Moving forward, management appears to have high expectations for the future. For 2023, excluding GE HealthCare, Organic revenue should rise at a high single-digit rate. This should be driven by growth from the GE Aerospace segment at a rate that is in the mid to high teens and by organic growth under GE Vernova at a rate that is in the low to mid-single digits. Overall free cash flow for the year should be between $3.4 billion and $4.2 billion, while adjusted earnings per share should come in at between $1.60 and $2. Given that shares of the company are trading at $80.26, hitting the midpoint for earnings would imply a rather lofty price-to-earnings multiple of 44.6. But given the free cash flow figures, the multiple should be lower on that basis at around 23.2. If we assume that capital expenditures will be roughly the same as they were in 2022, once again excluding GE HealthCare, the price to adjusted operating cash flow multiple would be around 18. Of course, this picture is oversimplified since the conglomerate is still rather complex.

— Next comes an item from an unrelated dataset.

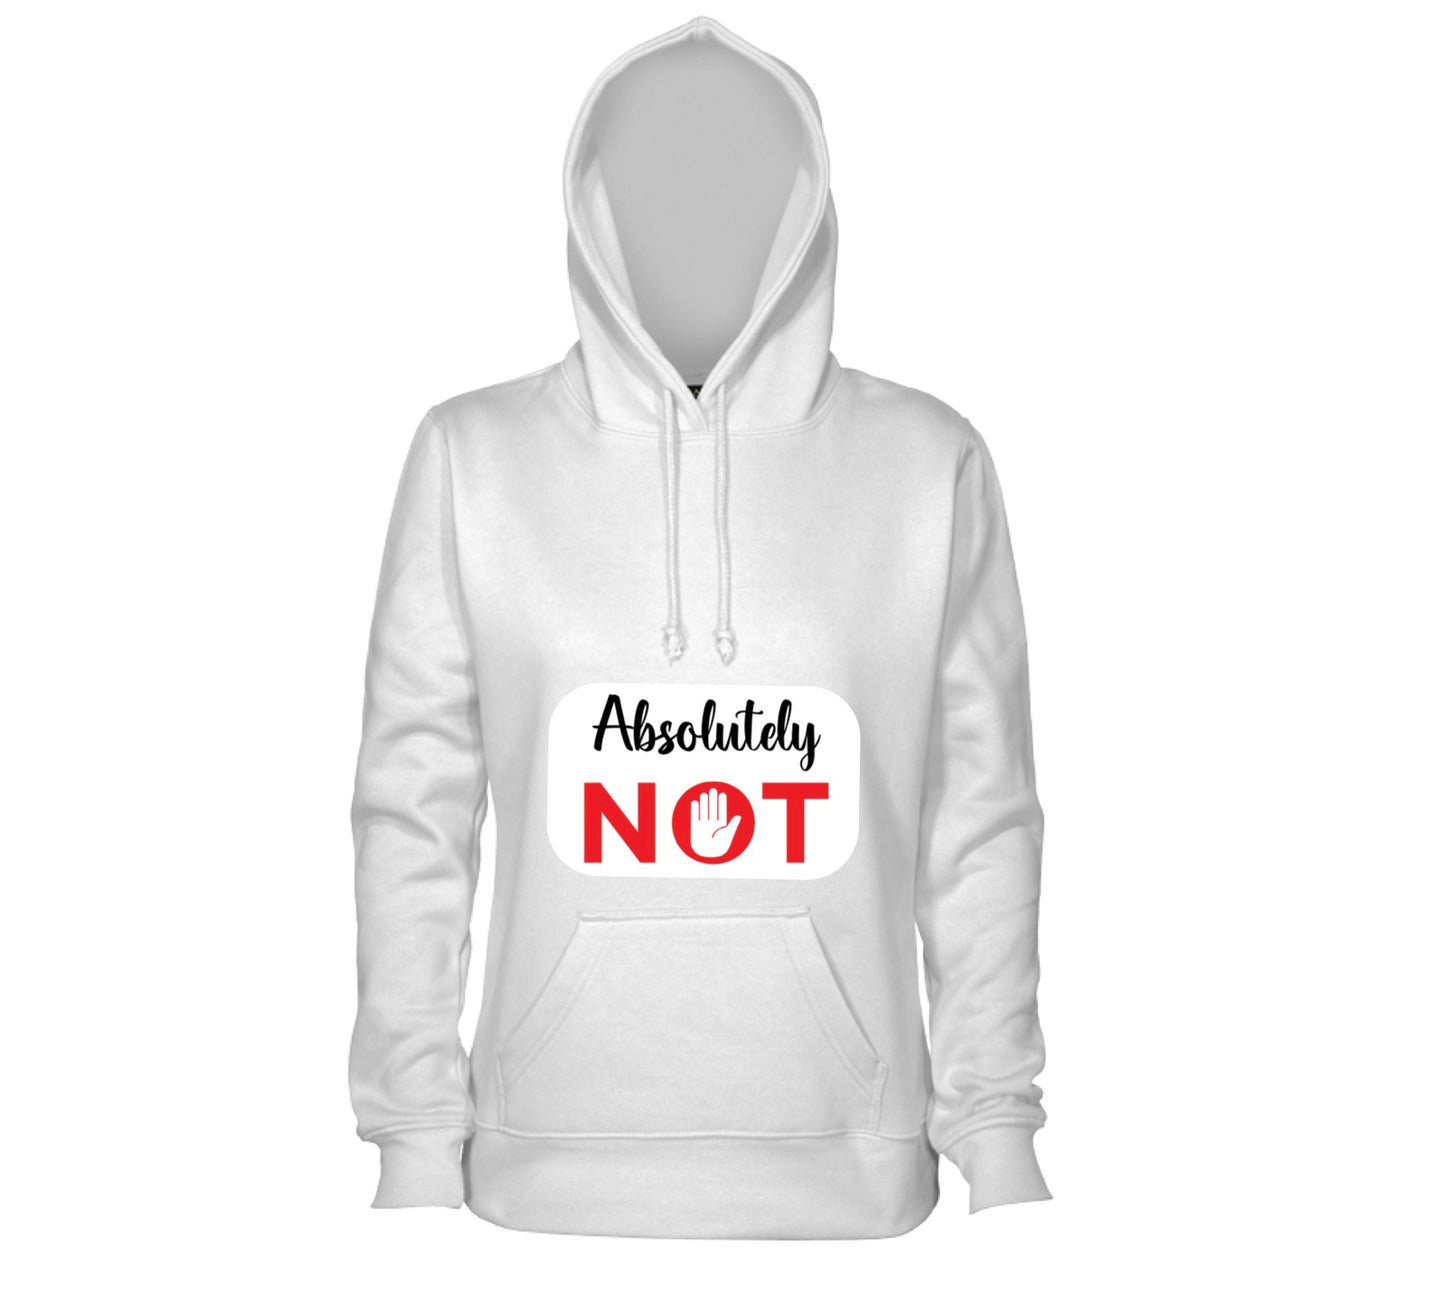 "Absolutely Not" Sweater

After all, in addition to owning 19.9% of GE HealthCare, an investment that's currently worth $6.3 billion, the company also has ownership stakes in both Baker Hughes ( BKR ) and AerCap Holdings ( AER ), which are worth, combined, billions of dollars. An effort would be made to strip all of these out of the equation. But management has not yet released the company’s 10-K that would make this possible.
Takeaway
Based on all the data provided, I can only say that I was mostly pleased by the results posted by General Electric. The company did quite well, even though it missed on sales. But that miss in terms of revenue came in the best form possible: foreign currency fluctuations. Moving forward, the firm seems to be on solid footing, and cash flows are expected to rise. It was also great to see orders increase for three of the four major operating units of the enterprise since orders are ultimately the best leading indicator for the business today. As more data comes in over the next couple of quarters, I'm going to continue to ask myself when a good time to sell my own stake in the company would be. The spin-off occurring in 2024 could prove to generate some additional upside for shareholders moving forward. But I now have to balance out the opportunity presented not only by General Electric, but also by the tremendously undervalued GE HealthCare enterprise. For now, I'm keeping my ‘strong buy’ rating on both companies. Though I may rebalance some holdings in my portfolio to some degree.